Cerca

Cronaca

Presunte torture nel carcere di Cerialdo, a Cuneo dieci agenti a processo

Le accuse riguardano episodi avvenuti tra il 2021 e il 2022 ai danni di cinque detenuti pakistani. Il dibattimento inizierà il 2 ottobre

Presunte torture nel carcere di Cerialdo, a Cuneo dieci agenti a processo

Presunte torture nel carcere di Cerialdo, a Cuneo dieci agenti a processo (foto di repertorio)

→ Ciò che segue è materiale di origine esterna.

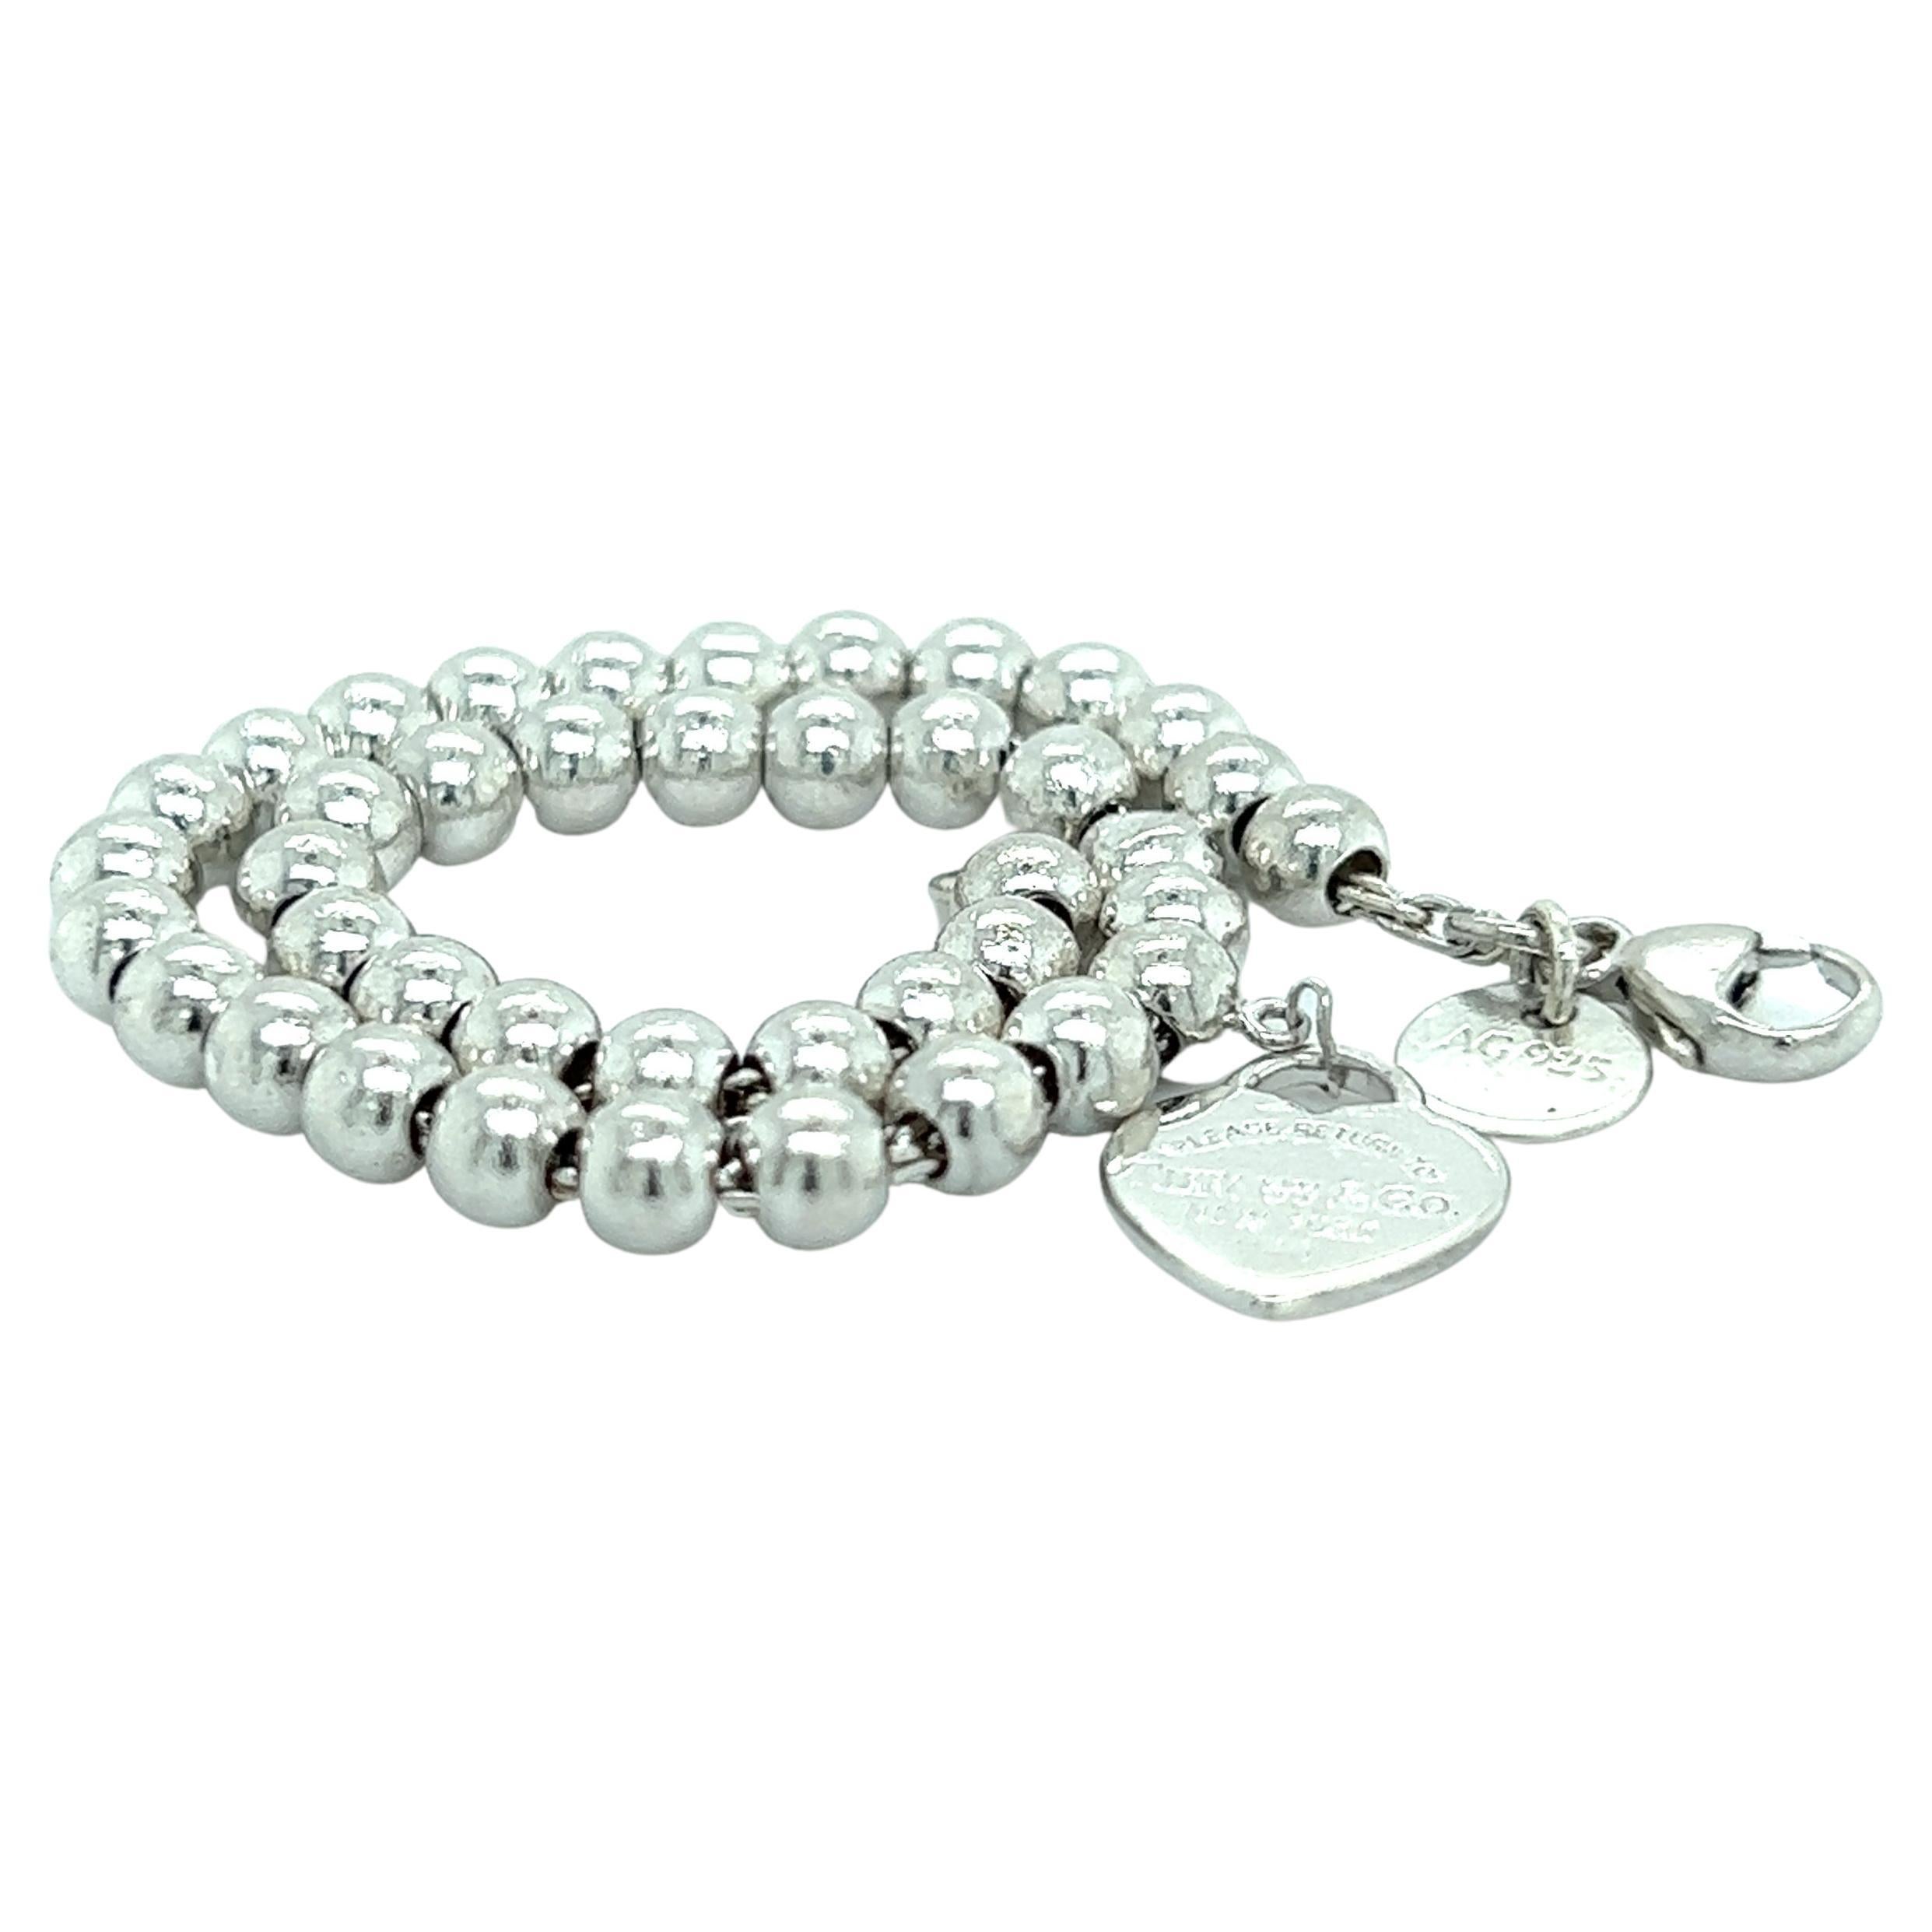 Authentic Tiffany & Co. Sterling Silver Vintage 10mm Ball Bead Bracelet 7  1/2” | eBay

Un processo destinato a far discutere e a sollevare interrogativi delicati sul funzionamento del sistema penitenziario. A Cuneo si apre oggi il dibattimento sulle presunte violenze avvenute nel carcere di Cerialdo, dove dieci tra agenti e ufficiali della polizia penitenziaria sono chiamati a rispondere, a vario titolo, di accuse molto pesanti. Secondo la Procura, alcuni detenuti avrebbero subito trattamenti definiti “inumani e degradanti”, configurando il reato di tortura, uno dei capi d’imputazione più gravi contestati nel procedimento.

Il processo riguarda presunti episodi avvenuti tra il 2021 e il 2022 e coinvolge cinque detenuti di origine pakistana che si sono costituiti parti offese nel procedimento. Le accuse muovono da un’inchiesta che ha ricostruito una serie di interventi violenti all’interno dell’istituto penitenziario.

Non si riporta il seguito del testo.